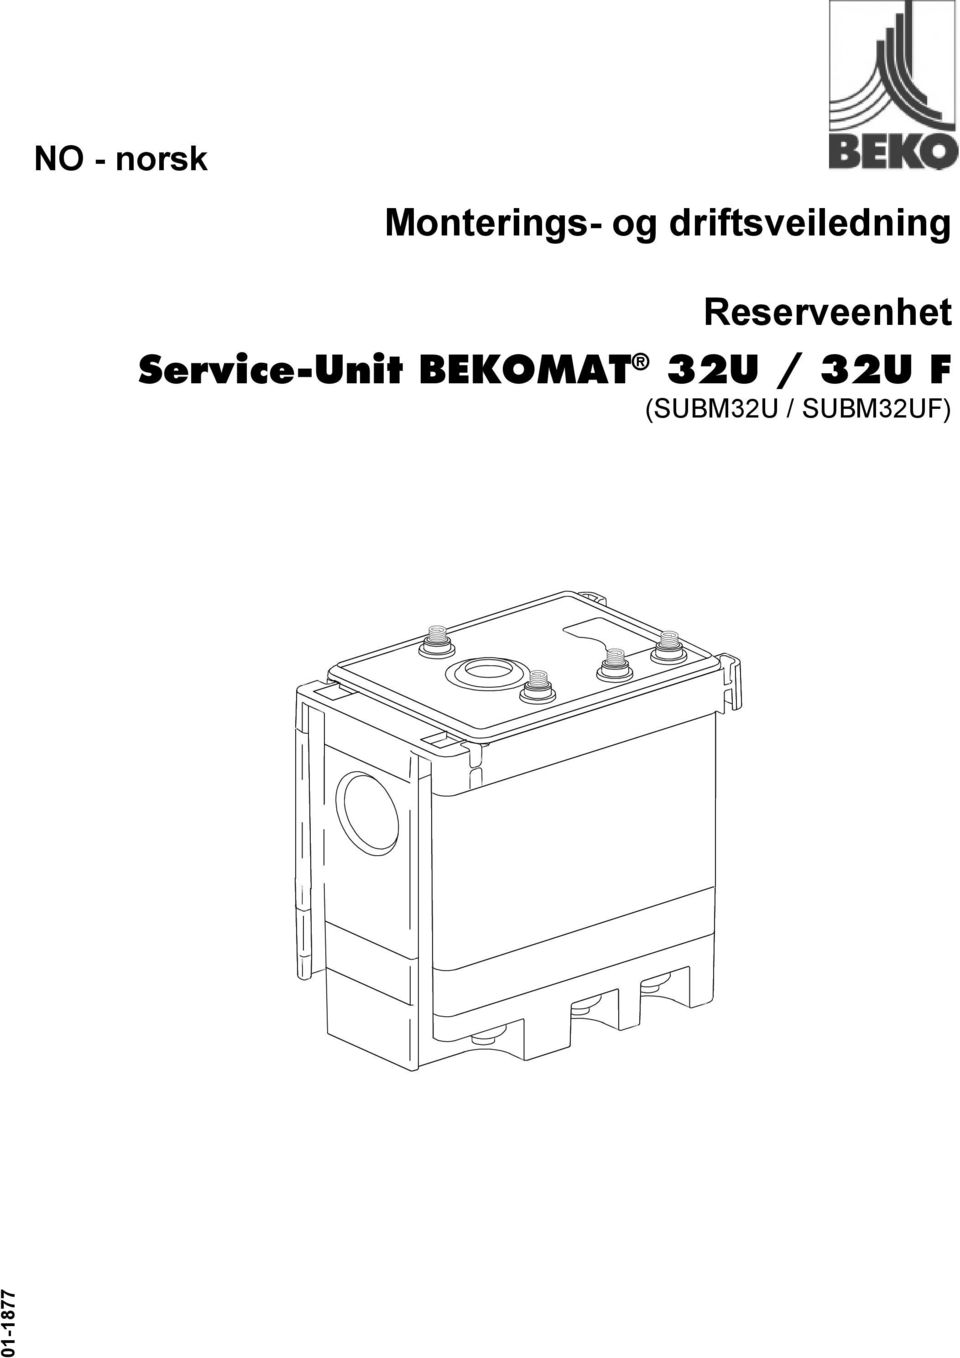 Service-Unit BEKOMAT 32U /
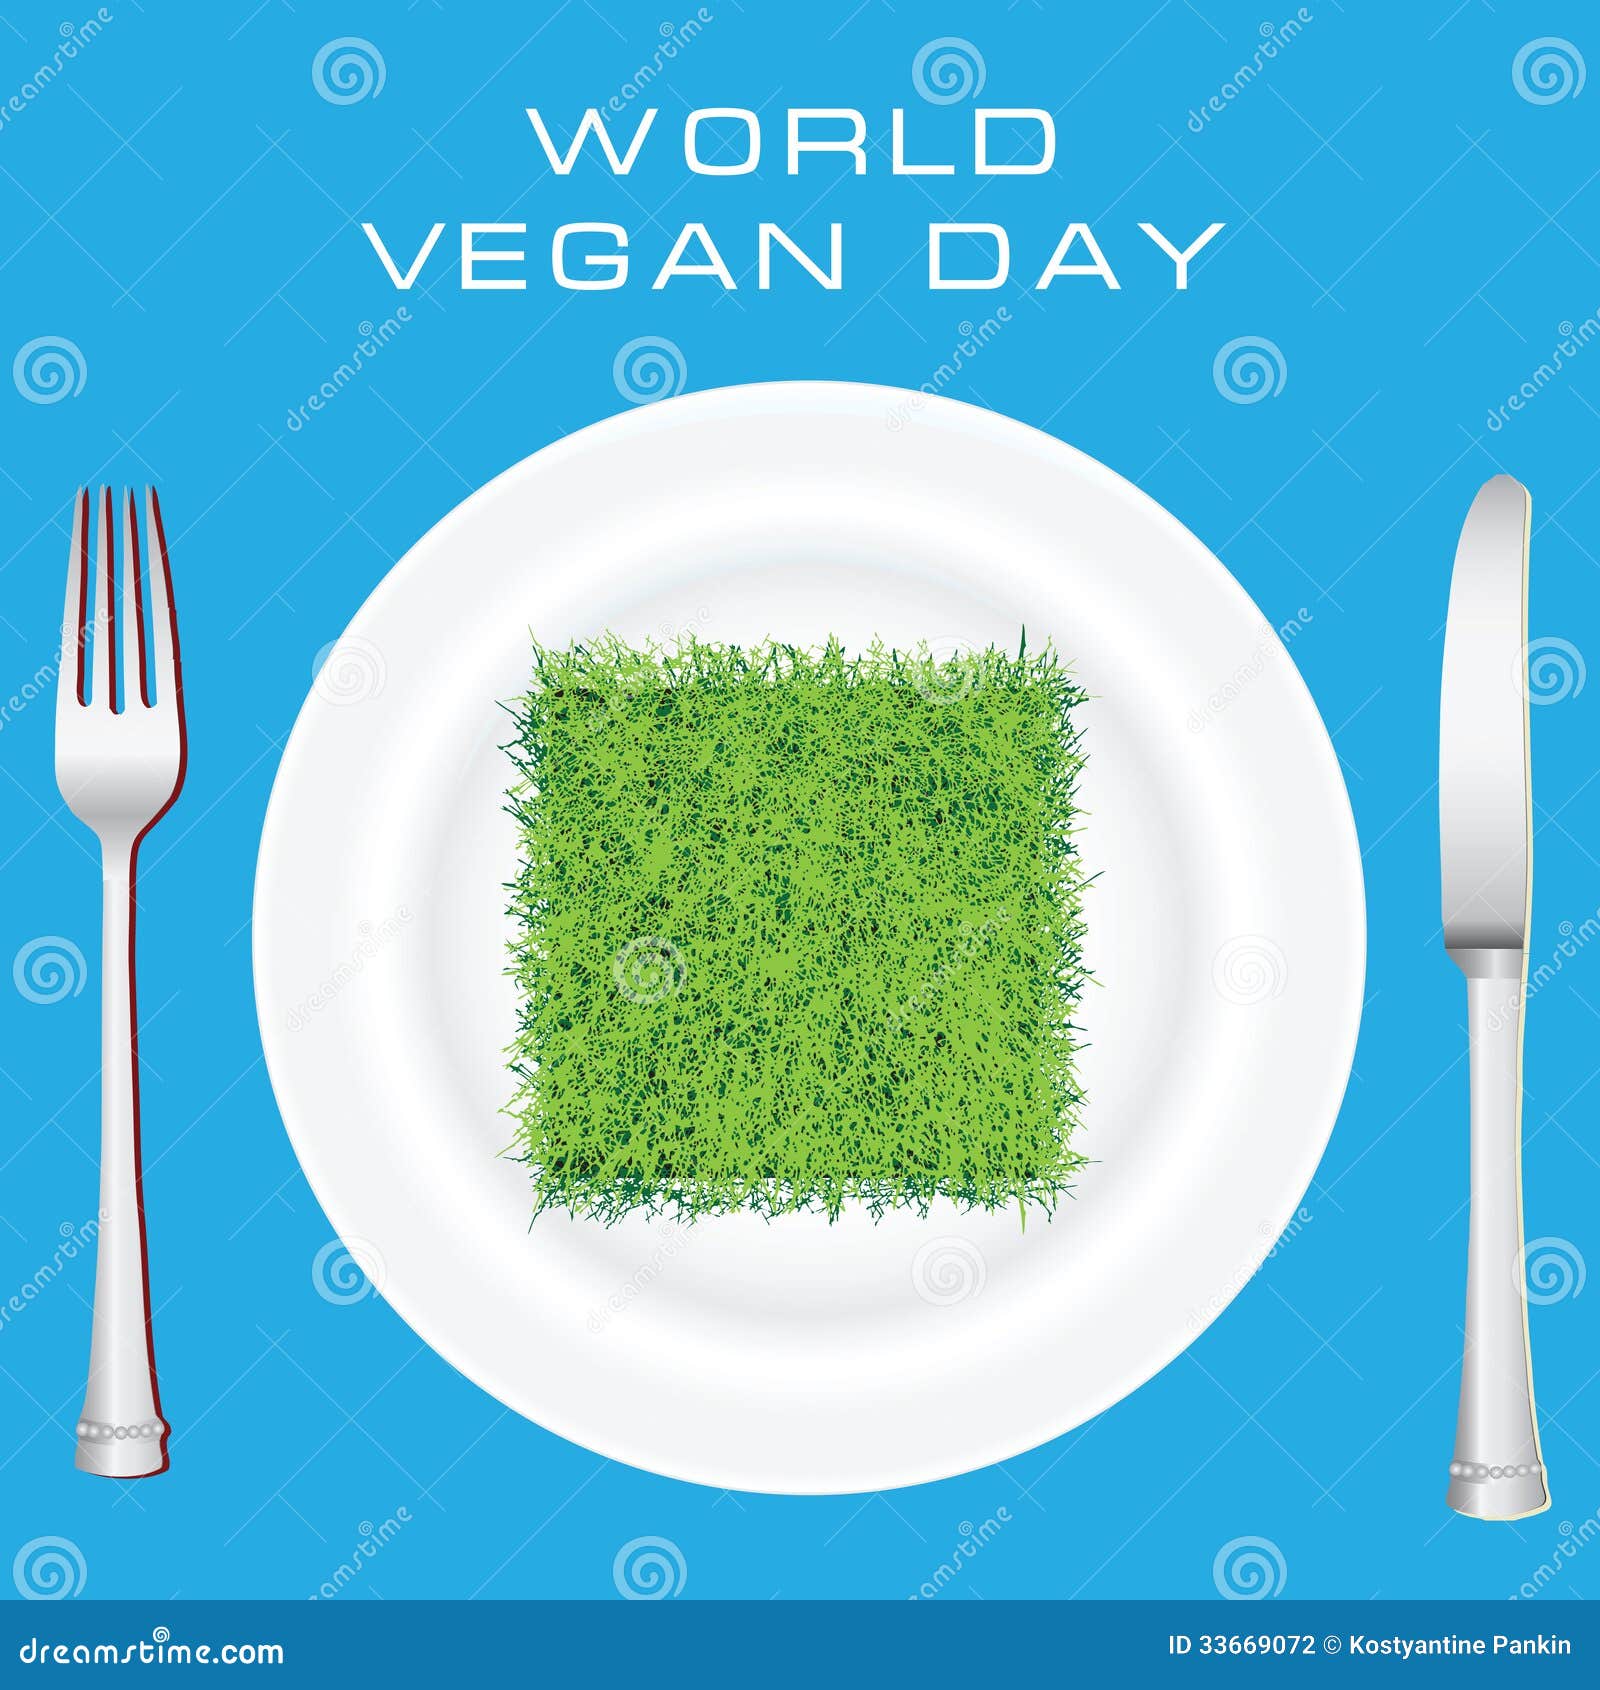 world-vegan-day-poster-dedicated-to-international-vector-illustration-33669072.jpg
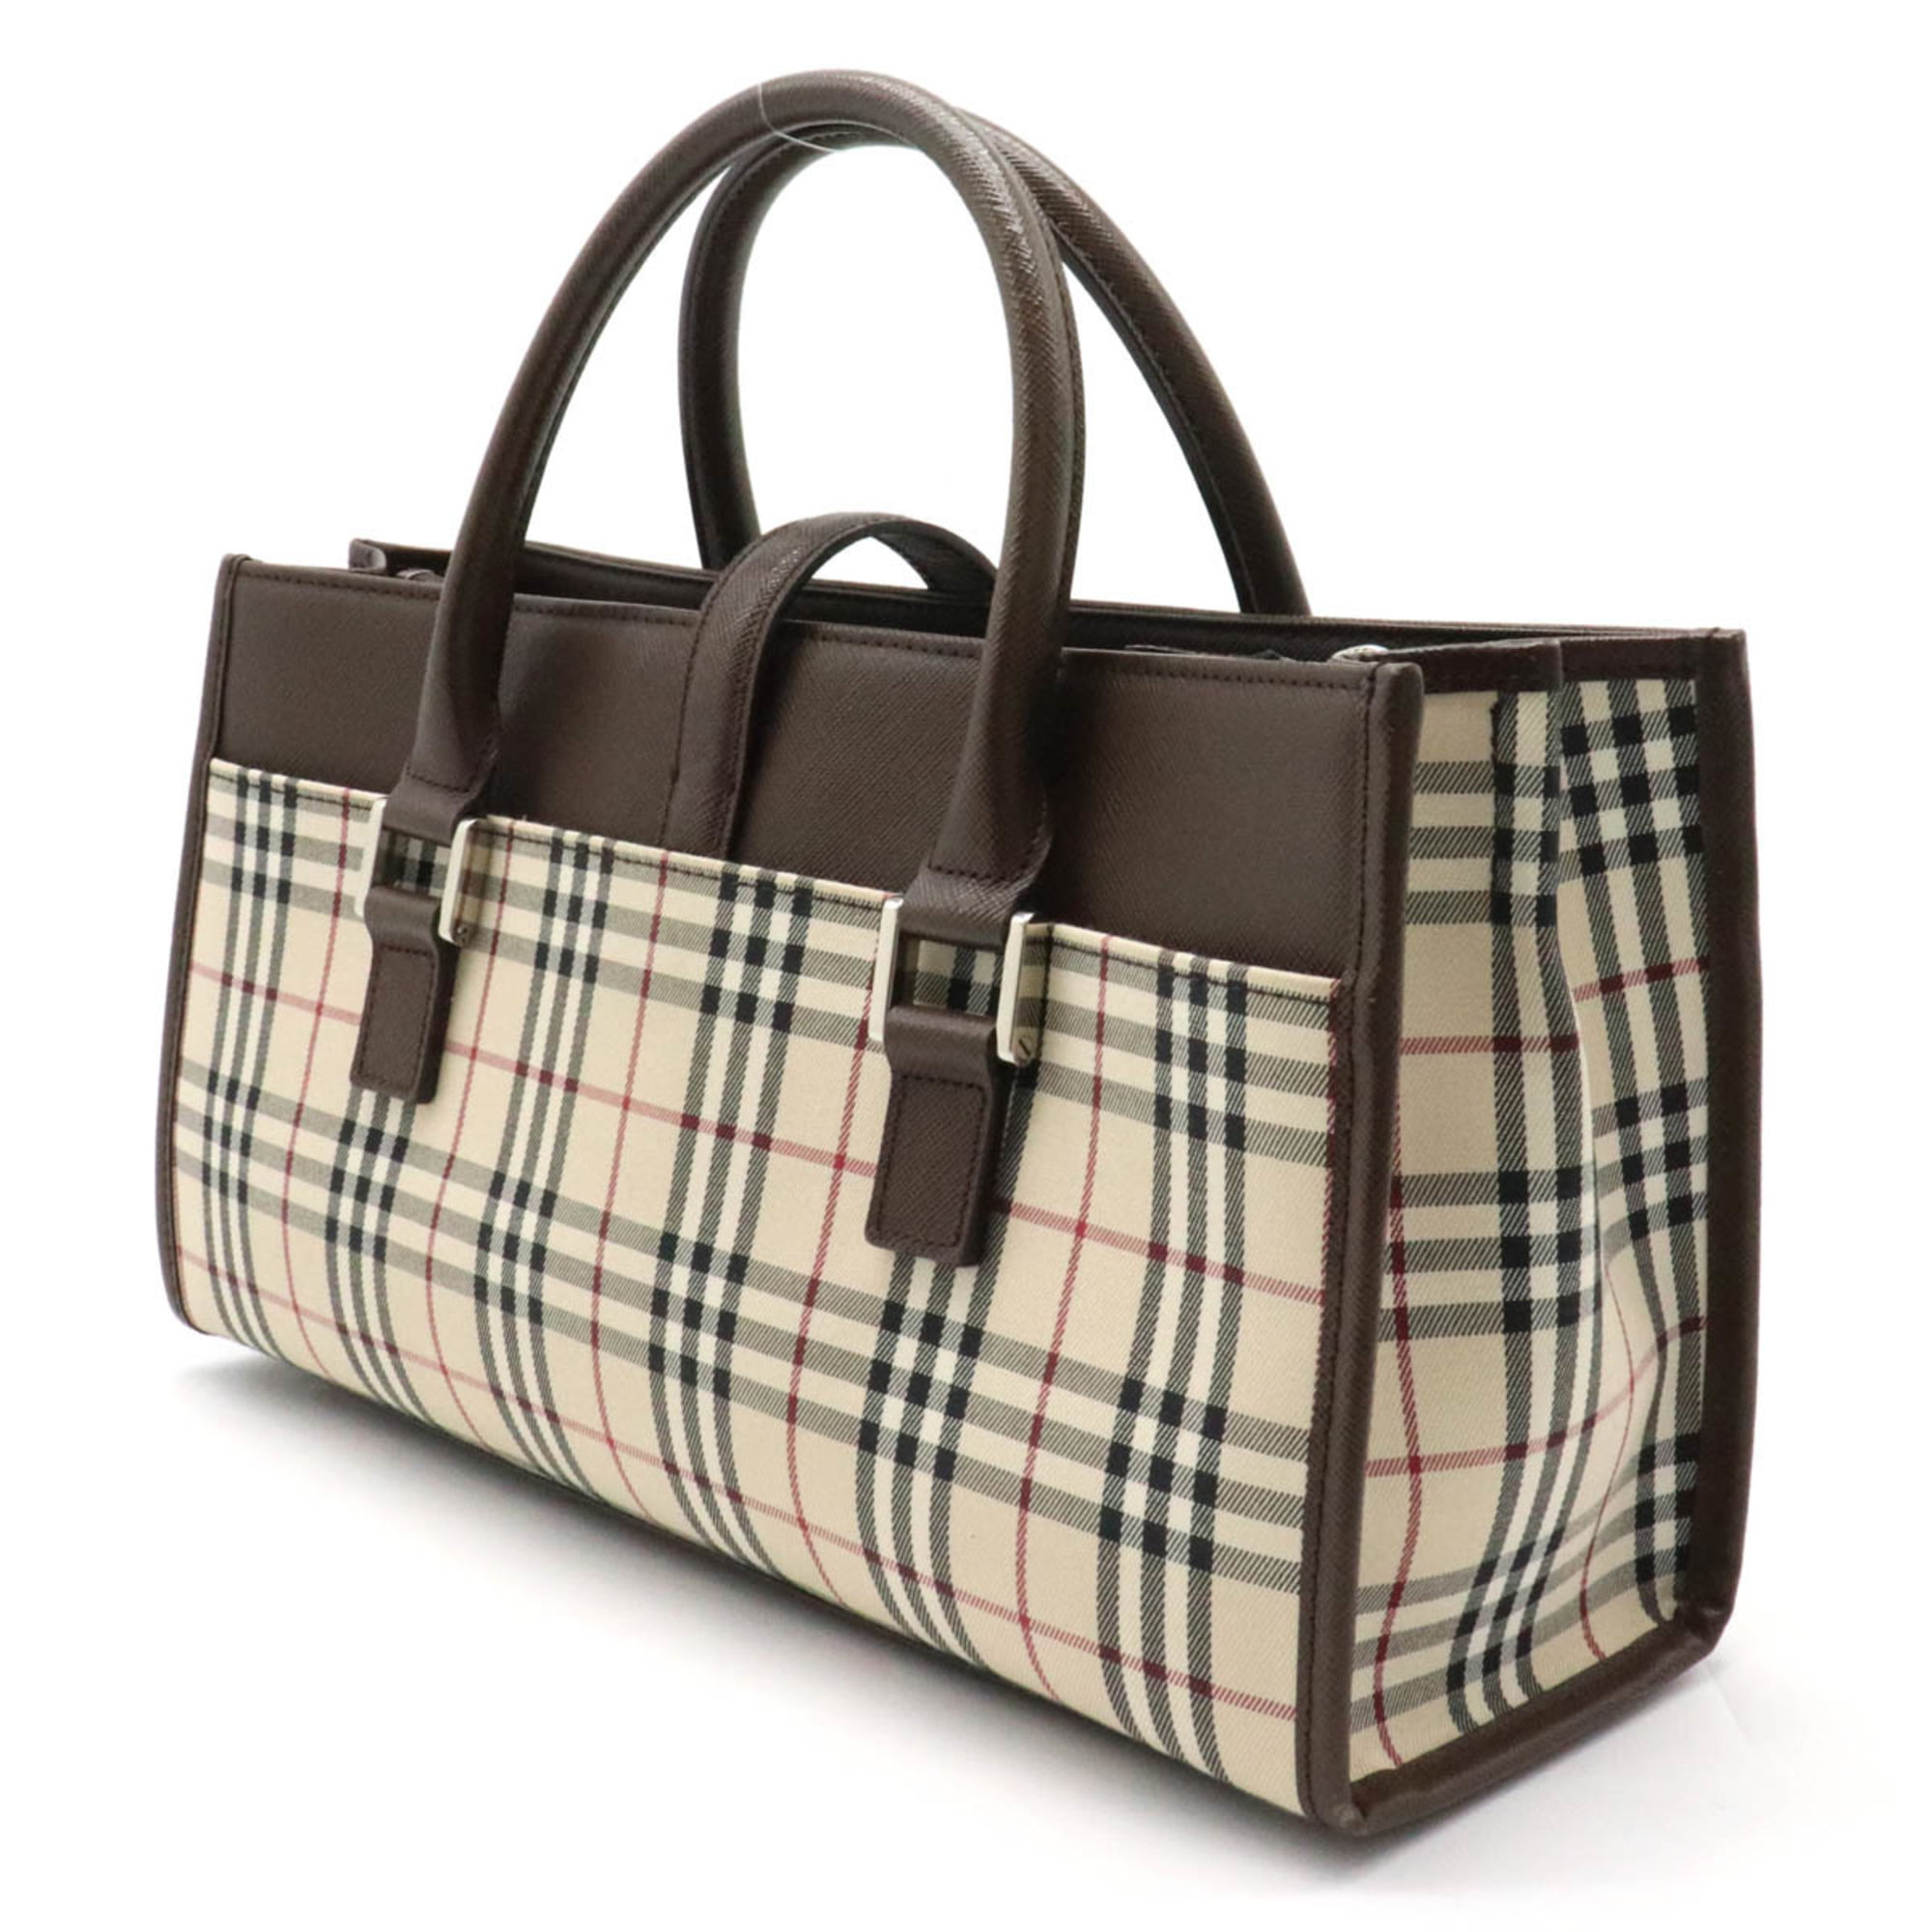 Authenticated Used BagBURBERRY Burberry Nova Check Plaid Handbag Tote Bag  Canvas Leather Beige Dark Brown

* **Problem requirements**: Leaving the pictures out, print every line of the listing exactly.

* **Solution to this exercise**:
 Service-Unit BEKOMAT 32U /
 world-vegan-day-poster-dedicated-to-international-vector-illustration-33669072.jpg
 Authenticated Used BagBURBERRY Burberry Nova Check Plaid Handbag Tote Bag  Canvas Leather Beige Dark Brown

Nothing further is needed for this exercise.